The candidate must have a minimum two years party-leadership experience, within a party with a minimum of five seats in Parliament.
Independent candidates may also stand (which would have to be the case for the Muslim Brotherhood, given that it is constitutionally banned from participating at the elections in any other way) provided they have at least 250 elected supporters, 64 of which must be MPs. To the great amusement of onlookers, one of the Brotherhood’s biggest opportunities is the women. By virtue of another recent law, 64 seats have been reserved for them in the next parliament.
“By vowing for their attention, the Brotherhood is thinking long-term, it is evident,” one of the party’s members said recently.
According to Dr Mohammed Morsy from the Muslim Brotherhood, political alliance with another party is currently not an option.
Either way, both analysts and human rights groups in Cairo expect the up-coming elections to be marked by more voting irregularities than previous ones, of which the Shura council election, where none of the Brotherhood’s 13 candidates won any seats, was considered a key indicator. “The elections were not representative of what happened on the ground. Official figures suggest the turn-out was 30 per cent, when in reality it was maybe three,” explains Dr Morsy.

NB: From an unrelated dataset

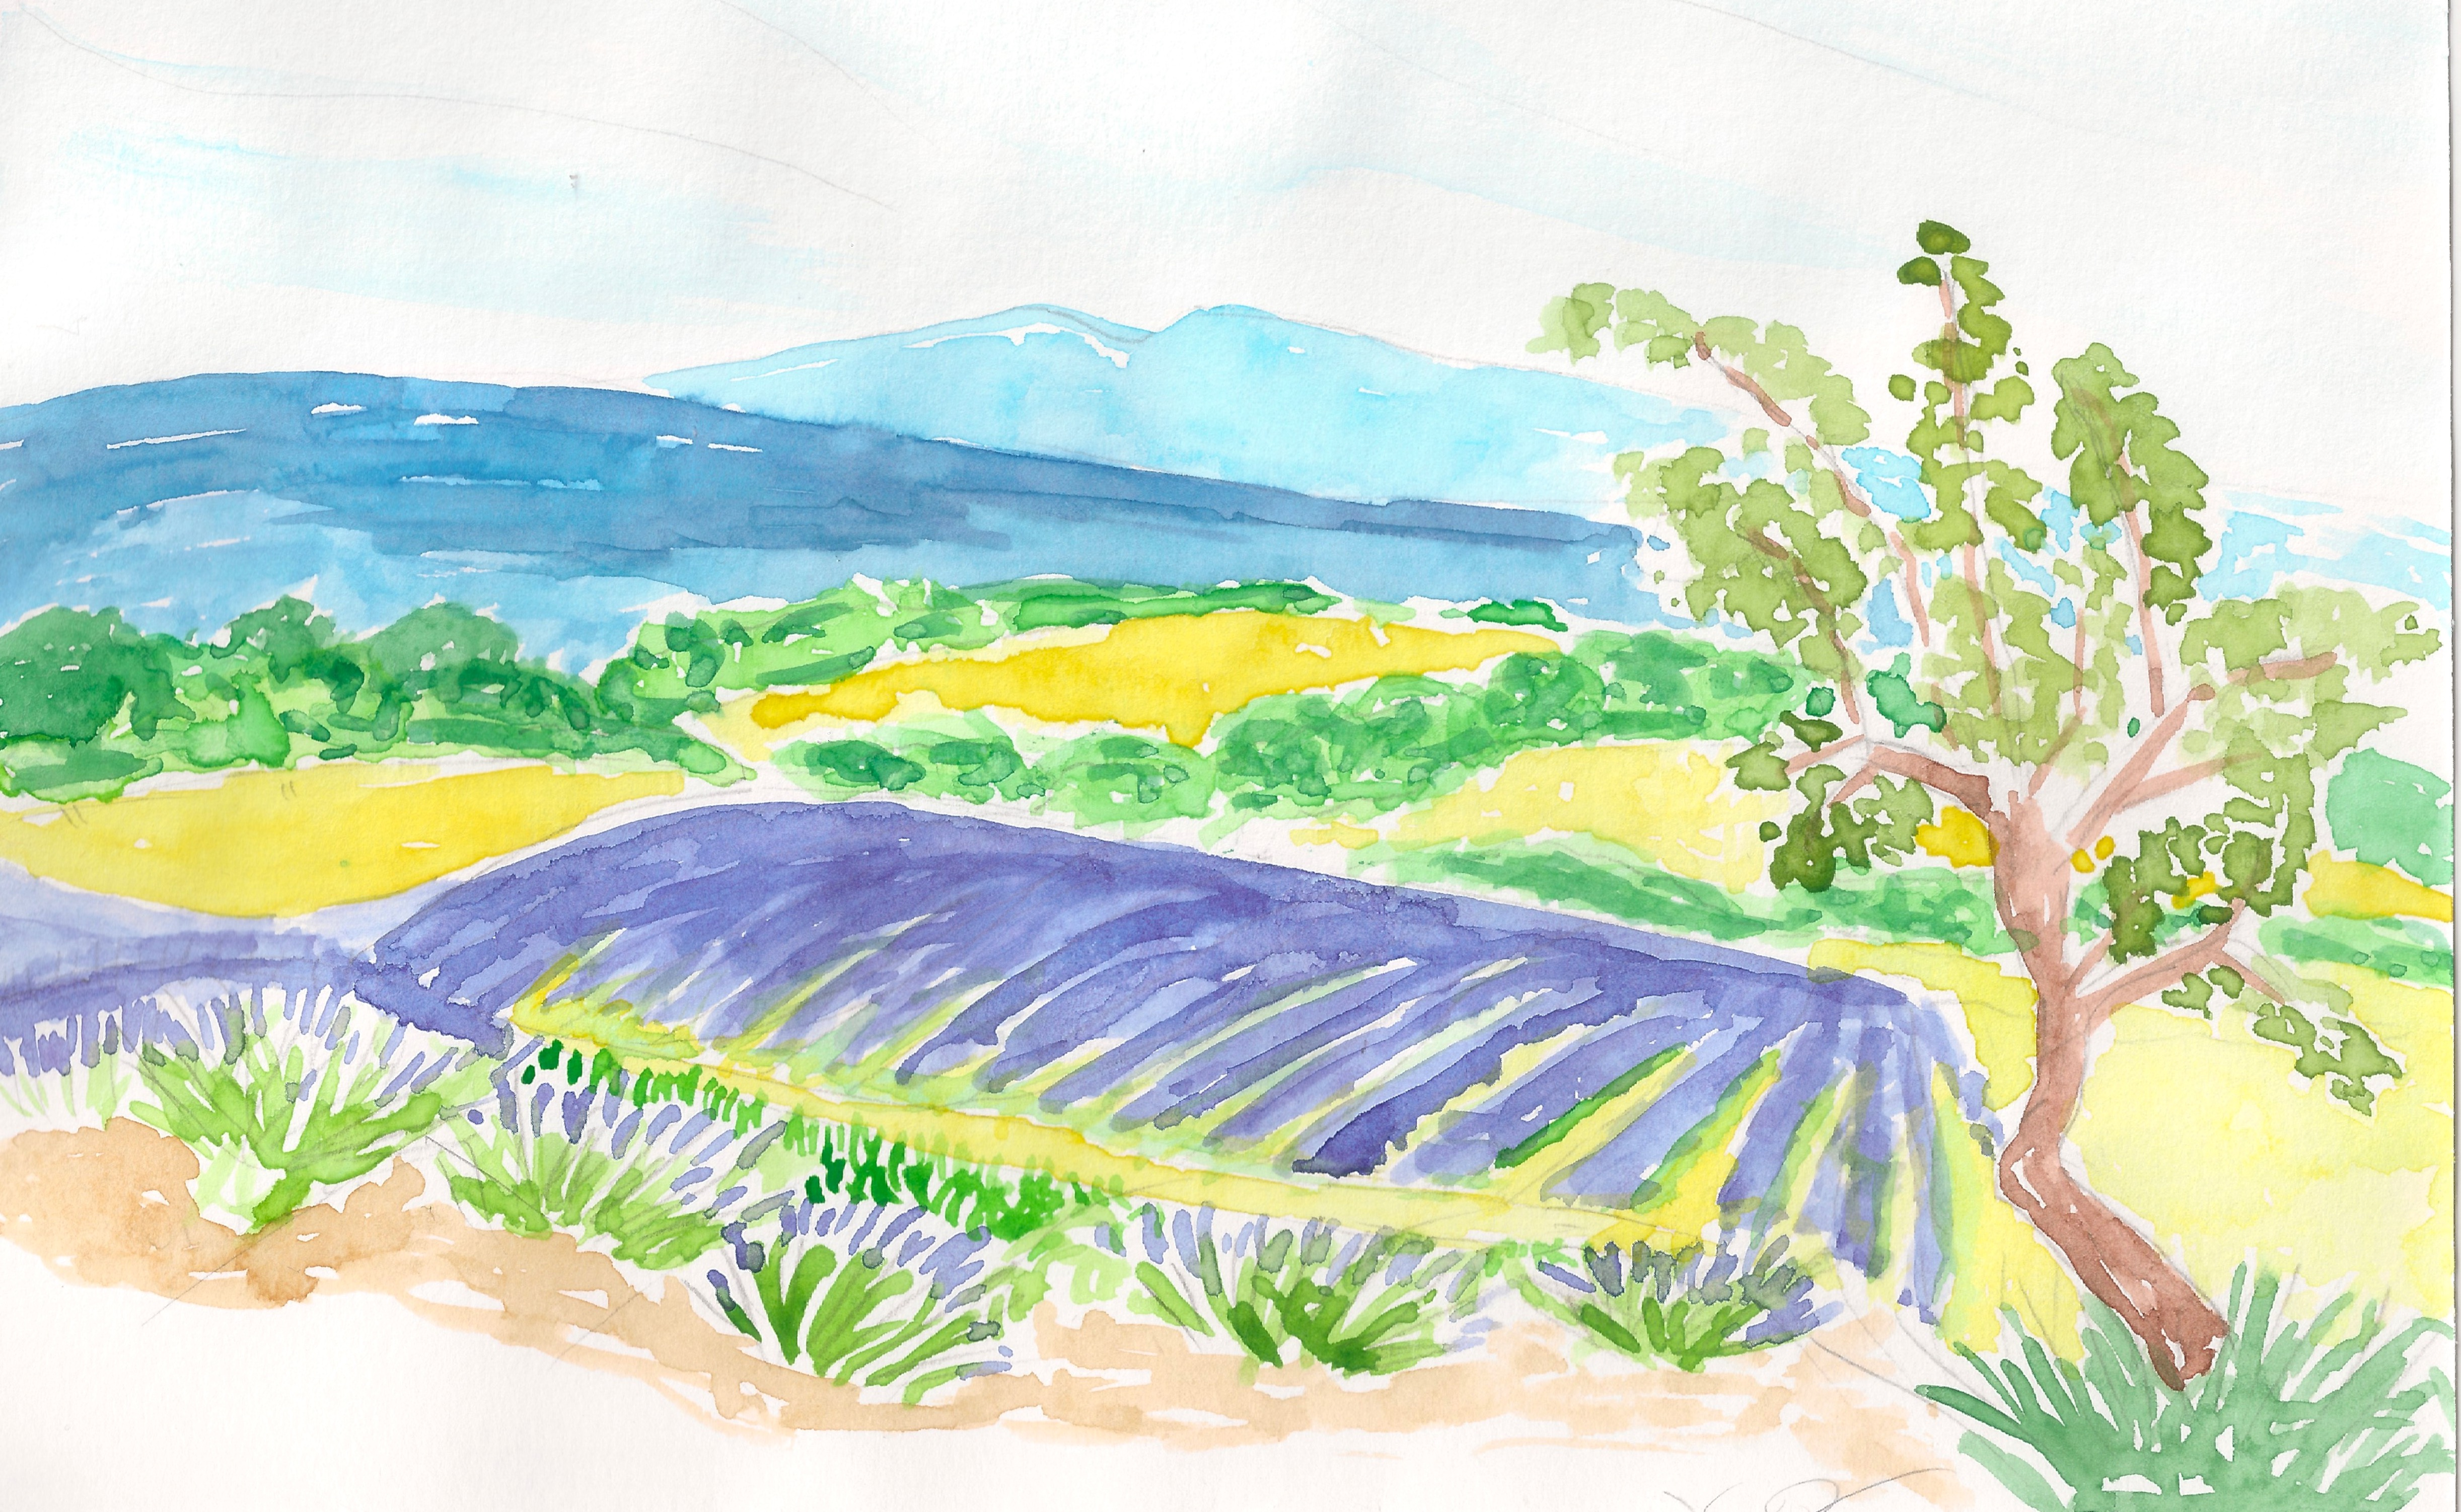 Dessin Drôme provençale de Totoro67

“We knew the result would be forged, but if we had not participated, the forgery would not have been seen. We also have to show people that we are engaging in the democratic process of our country, that we continue to fight and that change is still possible,” he adds.
The reduction of proportional representation of the Brotherhood in the Assembly is a key political game and according to observers the authorities do not intend to compromise. Additional arrests are to be expected so that the only option left to the movement is to negotiate for the freeing of its members, the SPI wrote recently.
But there is still hope. News agencies have been reporting the Muslim Brotherhood as saying it will back the former Director General of the International Atomic Energy Agency, Dr Mohamed ElBaradei’s political change campaign. The meeting came as a surprise to many, but had in fact been planned for months.
“It is not a political alliance, but we are working together for legal change so that the government is unable to continue to violate the constitution and use of emergency laws,” Dr Horsy confirms.
The overall picture is that in spite of the internal differences, the Brotherhood is slowly re-uniting to be in the game for the long run. Internal unrest means they would risk losing the support amongst Egyptians, as well as internationally.
“We cannot afford that, as much as we like to think we can,” fears Dr Horsy confirms.